Nicholas Rosenlicht: I would say that when we’re making health decisions, we need to follow the money. We need to take the time to sit down with our peers and talk to them about what’s actually working and what’s not. We used to have the time to hang out and do this. Grand rounds were presented by master clinicians talking about what they’ve learned, not drug company-sponsored talking heads about the latest medication. We need to look at the data when the latest drug comes out, especially in psychiatry. What is the real effect size? Will it move the needle in terms of health outcomes?
When you sign up for a job, and nowadays it’s so hard in most areas of medicine to be an independent practitioner, you need to ask yourself what you’re giving up in terms of autonomy and choice. Things like non-compete clauses, which may become illegal soon, are one example, but there are always ways around these restrictions. Be very careful—it’s a slippery slope when you sign away your rights to practice medicine as you think it should be, and the rights of your patients are affected by the contracts you agree to. I don’t think we fully realize the long-term impact when we get into it.
Ultimately, doctors are becoming such a scarce resource.

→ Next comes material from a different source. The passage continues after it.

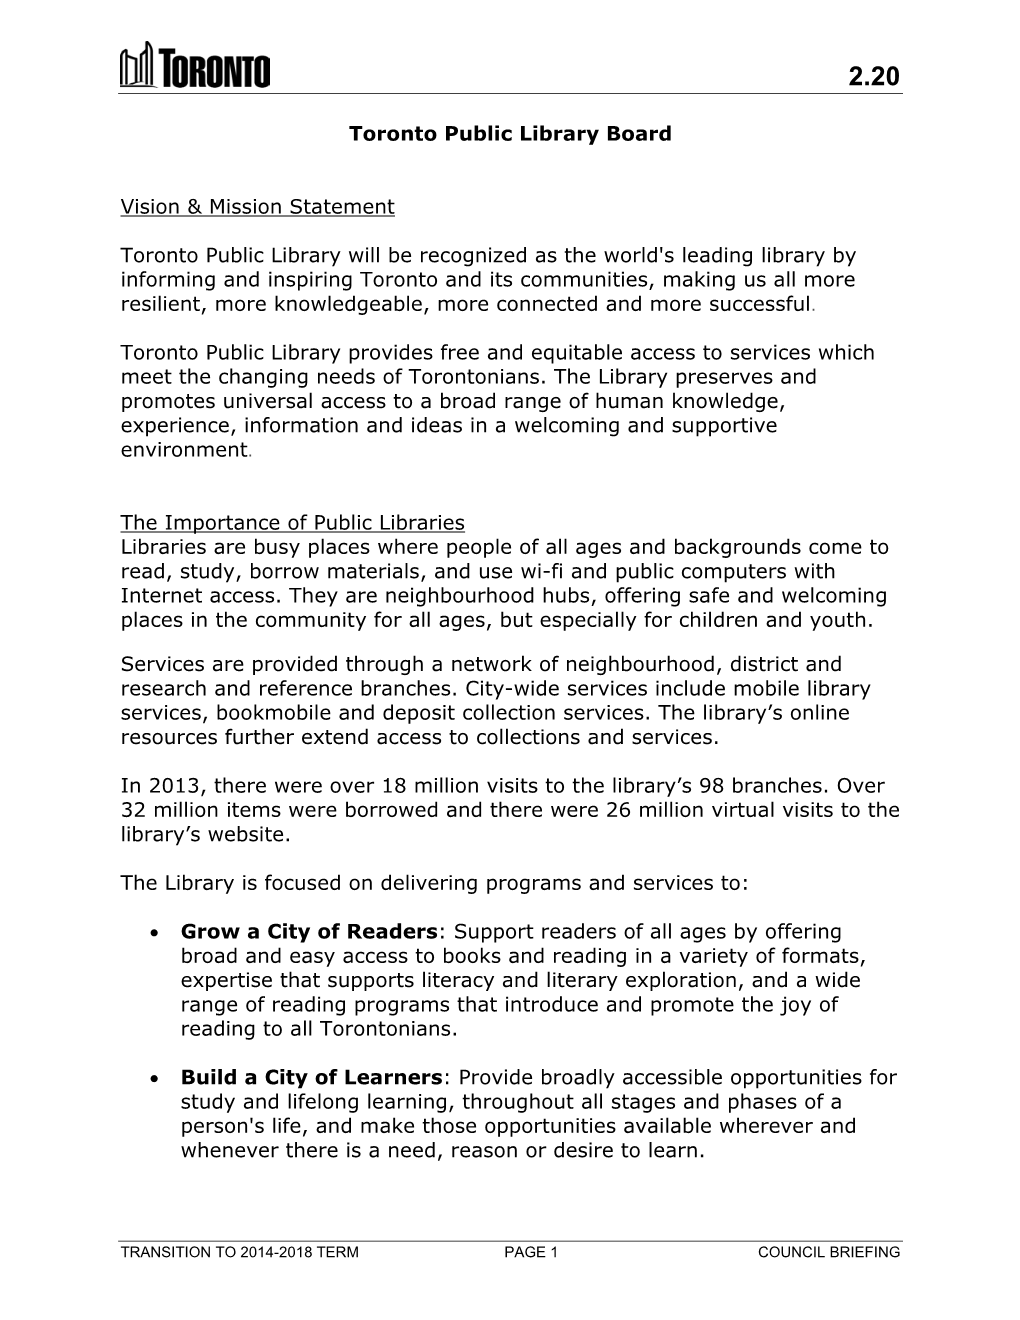 Toronto Public Library, 2014-18 Council Briefing Note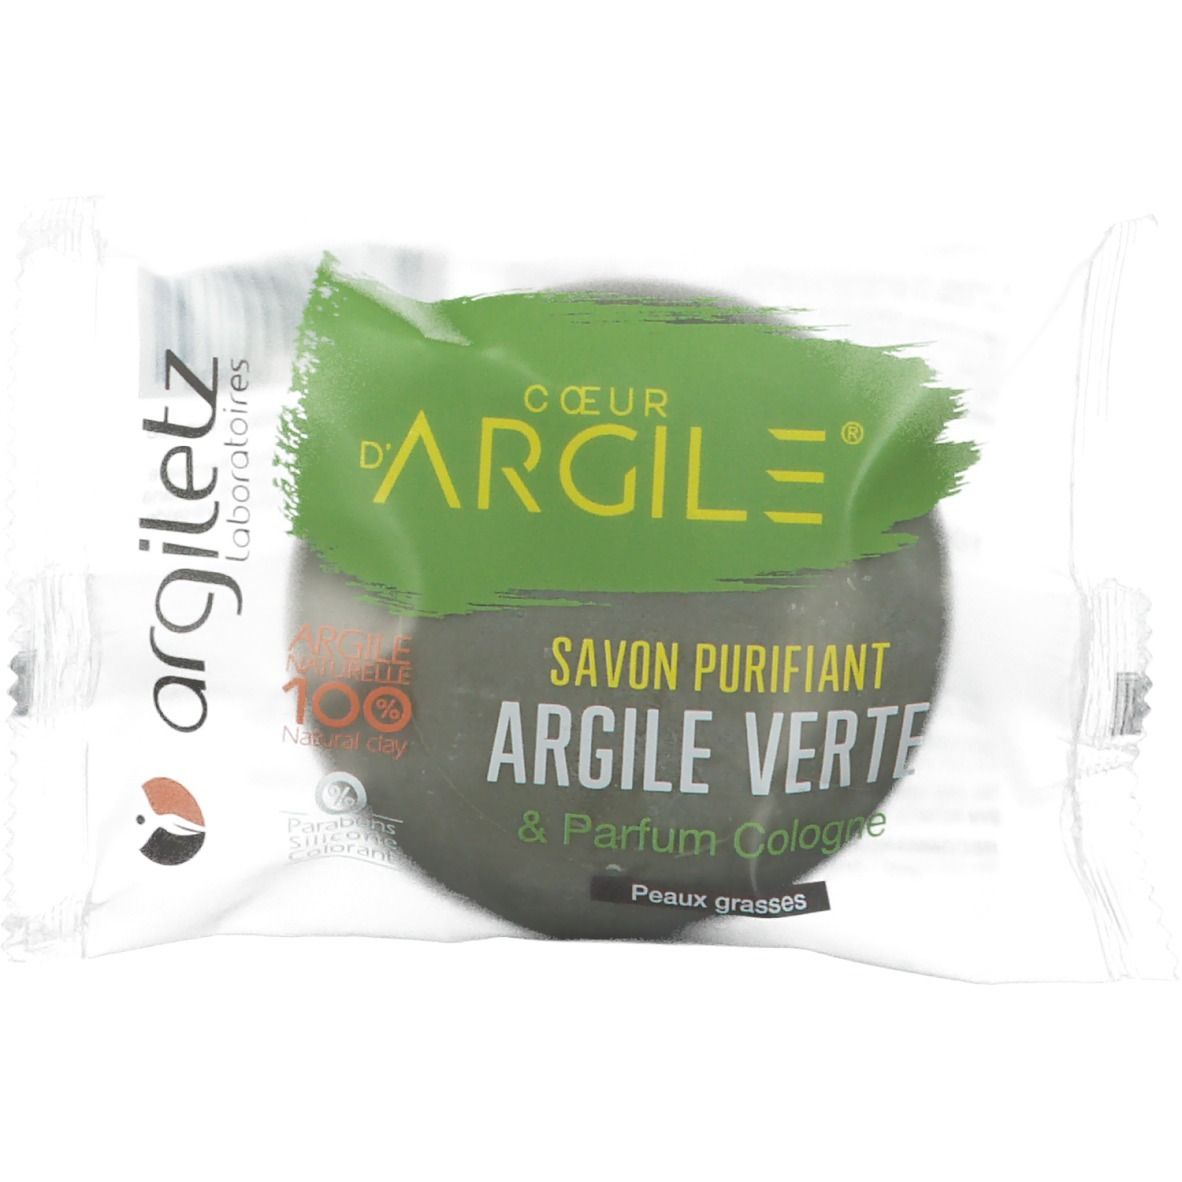 Image of argiletz Seife grüne Tonerde mit Parfum Cologne

I think we have a whole lot more power than we realize. We may not be organizing strikes, and I’m not advocating for that, but we’ve basically been sitting ducks because we won’t stand together as a group to say, “No, this is not what our field should look like. This is not how I’m willing to practice. I’m not going to enrich you by restricting care to the people who are entrusting me with their life.”
Kevin Pho: Nicholas, thank you so much for sharing your perspective and insight. Thanks again for coming on the show.
Nicholas Rosenlicht: Thank you for having me.